ISAKMP has a certificate request payload, with various types, including CRL
and ARL.

If your implementation determines it can not retrieve CRLs via its regular
method (LDAP etc.) then include a Certificate Request payload with type set
to CRL (you should also include one for ARL so that when a chain is sent you
get the various ARLs needed to verify the CA certificates).  When you
receive a Certificate Request payload with type CRL you MUST reply with the
DER encoded CRL that your certificate would be listed on if it were to be
revoked.  This requires that at least one side has access to the CRL
repository.


So don't send it unless asked, if asked the above covers how. If they ask
then they can process, so there shouldn't be interop problems.  If they ask
and you can't produce then you have a problem, if you can't produce because
you don't support CRLs than that is your problem. If you only support OCSP
as a gateway and the OCSP server is behind your gateway your SOL.  If you
only support OCSP and you expect to intero with clients that don't and the
CRL repository is behind your gateway then you are SOL.  

So I think gateways should be prepared to respond with a CRL.  Its a very
convenient method of transporting CRLs.  

Putting the LDAP server behind the gateway is common.
Bye.

Greg Carter
Entrust Technologies - http://www.entrust.com
http://www.ford-trucks.com/articles/buildup/dana60.html


-----Original Message-----
From: Paul Hoffman [mailto:paul.hoffman@vpnc.org]
Sent: Monday, October 25, 1999 8:45 PM
To: ipsec@lists.tislabs.com
Subject: Re: Query on draft-ietf-ipsec-pki-req-03.txt


At 07:55 AM 10/19/99 -0700, Walker, Jesse wrote:

>The draft includes the following text in Section 2:
>         IKE systems conforming to this profile MUST check the
>         revocation statusof any certificate on which they rely, using
>         the algorithm described inthe PKIX certificate profile. Thus,
>         every conforming IKE system MUSThave a method for
>         receiving up-to-date revocation information for thecertificates
>         it is validating.
>What do you intend this to mean in the remote access case? One normal
>operational scenario will have the CRL distribution point the remote IPSec
>host needs to validate the security gateway's certificate behind the
>security gateway.

I don't think putting a CRL source (such as an FTP or LDAP server) behind a 
security gateway is the normal case. The main reason to do that is to hide 
the identities of the certificates you have revoked (which might have a 
business purpose). Normally, these are wide open.
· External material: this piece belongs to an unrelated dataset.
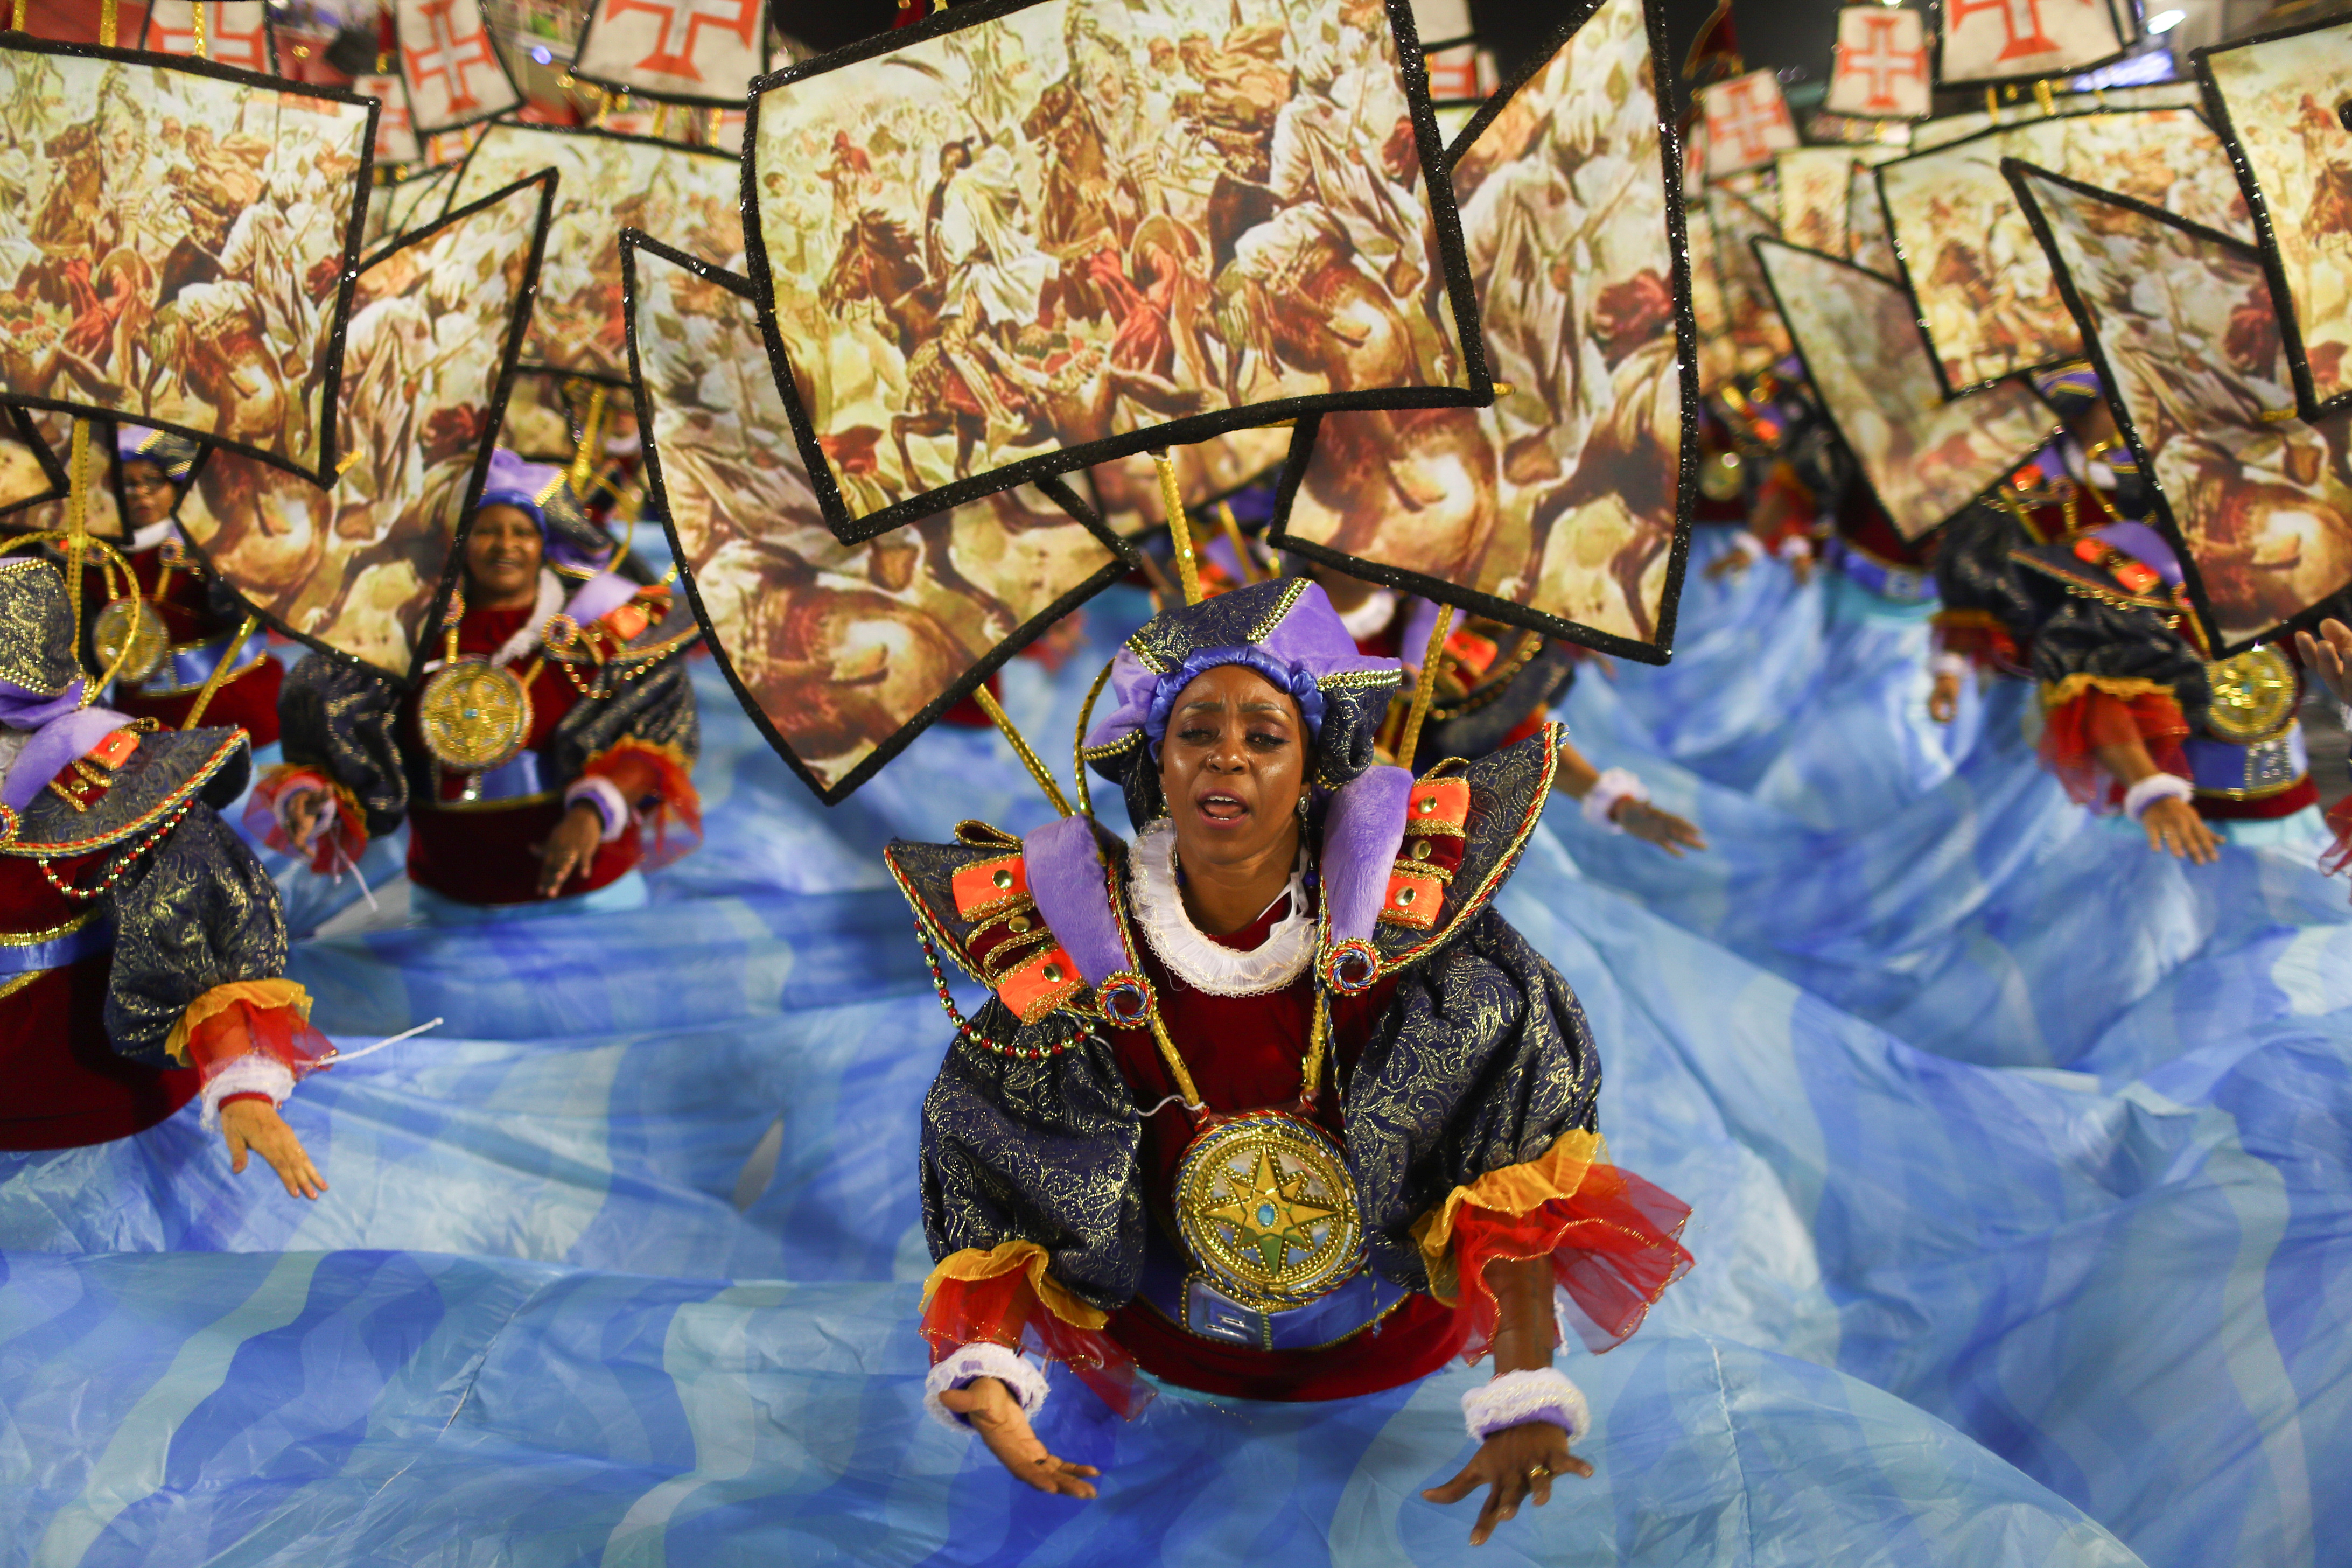 Una bailarina de Paraiso do Tuiuti ( REUTERS/Pilar Olivares)

>  In such a case, unless it has already obtained the CRL via
>an alternate channel, the remote host will be unable to meet the above
>requirement.

And, I think that "unless" is exactly right: you must use the information 
you have.

>  Seemingly the best that it could be able to do is to establish
>IKE and IPSec security associations, then attempt to obtain the CRL, and
>then decide what to do on the basis of whether or not it could get the CRL
>or the security gateway's cert gets validated. Maybe we need to require
>implementations to send the latest CRL known to them during the IKE phase 1
>negotiation?

I would be against that because some CRLs will be very large. In the case 
of a hidden CRL DP, I'd say "you must use what you already know". I think 
it is good to say "if the device knows that its CRL DP is not currently 
available to the other party behind a security gateway, that device SHOULD 
send its CRL".

-=-=-=-=-=

At 08:06 AM 10/19/99 -0700, Walker, Jesse wrote:

>Section 3.2 says
>         The subject field in IPsec certificates SHOULD be populated and
>non-null
>         (this is contrary to the PKIX certificate profile, which says
>thatthe subject
>         MUST NOT be populated if the identification is in
thesubjectAltName
>         field). The exact contents of this field are notstandardized. By
>convention, a
>         minimal subject field containscountryName and commonName.
>Distinguished
>         names SHOULD be no more thanfour attribute/value pairs, each of
>which
>         SHOULD be no more than 128 characters in length (these
restrictions
>do
>         not appear in the PKIXcertificate profile). An IKE implementation
>that
>         conforms to thisprofile SHOULD NOT reject a certificate that does
>not
>         follow theserules.
>
>Why? The rationale for this requirement is not immediately obvious.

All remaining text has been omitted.